Vista de Takapau (2022), do coletivo Mataaho, no Arsenale, 60 Bienal de Veneza. Foto: divulgação

O coletivo Claire Fontaine deu visibilidade internacional ao grupo anarquista turinês Stranieri Ovunque com a obra-expressão Foreigners everywhere, que desde 2004 se materializa nas salas dos museus em traduções para diversas línguas, escrita em letreiros de néon. Há vinte anos, talvez ninguém imaginasse que a obra haveria de prosperar como título de exposição. Isso ocorreu pela primeira vez em 2009, no 31º Panorama da Arte Brasileira do MAM São Paulo, quando foi traduzida para o tupi antigo como Mamõyaguara opá mamo pupé. Este ano, 2024, repercutiu globalmente na tradução para o italiano que dá título à 60ª Bienal de Veneza. Ambas as exposições têm o mesmo curador, o brasileiro Adriano Pedrosa, atual diretor artístico do MASP.

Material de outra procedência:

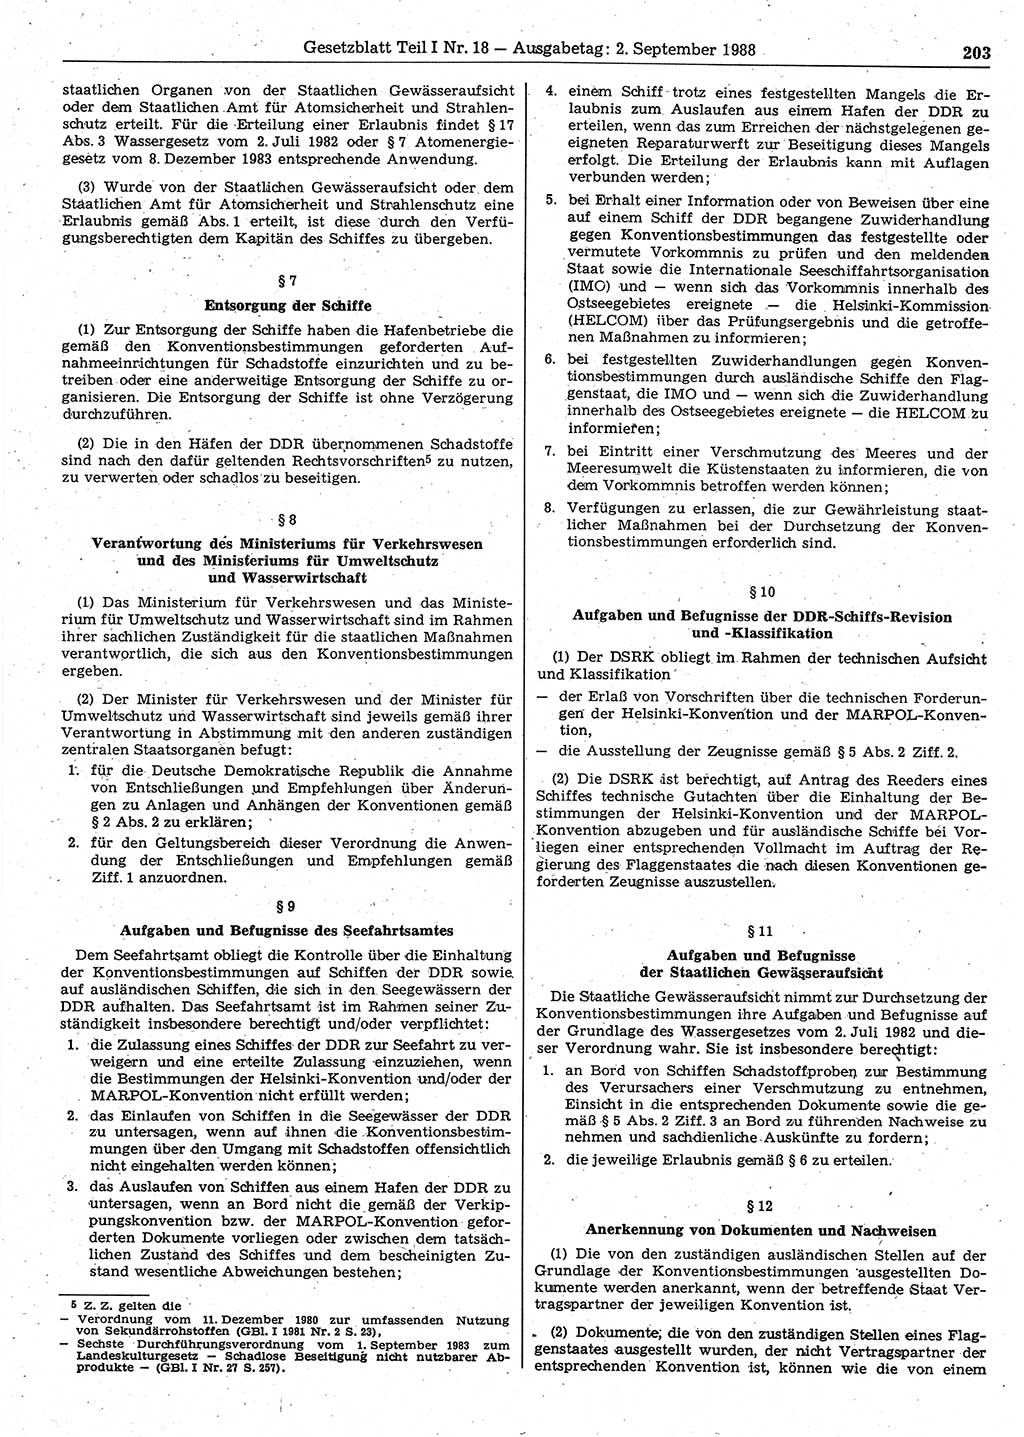 Gesetzblatt (GBl.) der Deutschen Demokratischen Republik (DDR) Teil Ⅰ 1988, Seite 203 (GBl. DDR Ⅰ 1988, S. 203)

Muita coisa muda com o tempo. Opiniões, pontos de vista e valores oscilam ao sabor de circunstâncias, informações e do amadurecimento pessoal. Conceitos, porém, estão sujeitos ao rigor da lógica, são menos suscetíveis a oscilações. Há conceitos diferentes para o mesmo objeto, segundo o contexto, a época ou o sistema de pensamento, mas é raro que um conceito deixe de referir um objeto para referir outro. Também é raro que se esvazie enquanto tal, de maneira a não referir nada além de si mesmo. Embora incomum, isso aconteceu. Nos quinze anos que separam Mamõyaguara opá mamo pupé e Stranieri ovunque, o conceito de estrangeiro foi esvaziado a ponto de não referir ideia nenhuma. Foi reduzido a um expediente de preenchimento do vazio discursivo.

Se a definição é a expressão linguística de um conceito, convém lembrar o que define o estrangeiro (foreigner, straniero ou mamõ). Estrangeiro, forasteiro, é quem vem de fora, de outro povo, região ou país. É o outro (o referido) em relação a mim (o referente). Isso possibilita entender a expressão “estrangeiros em todos os lugares” como constatação que se investe de sentido à medida que é inserida em um contexto sociolinguístico. É isso que valida conceitualmente Foreigners everywhere como obra de arte e a distingue da descrição factual.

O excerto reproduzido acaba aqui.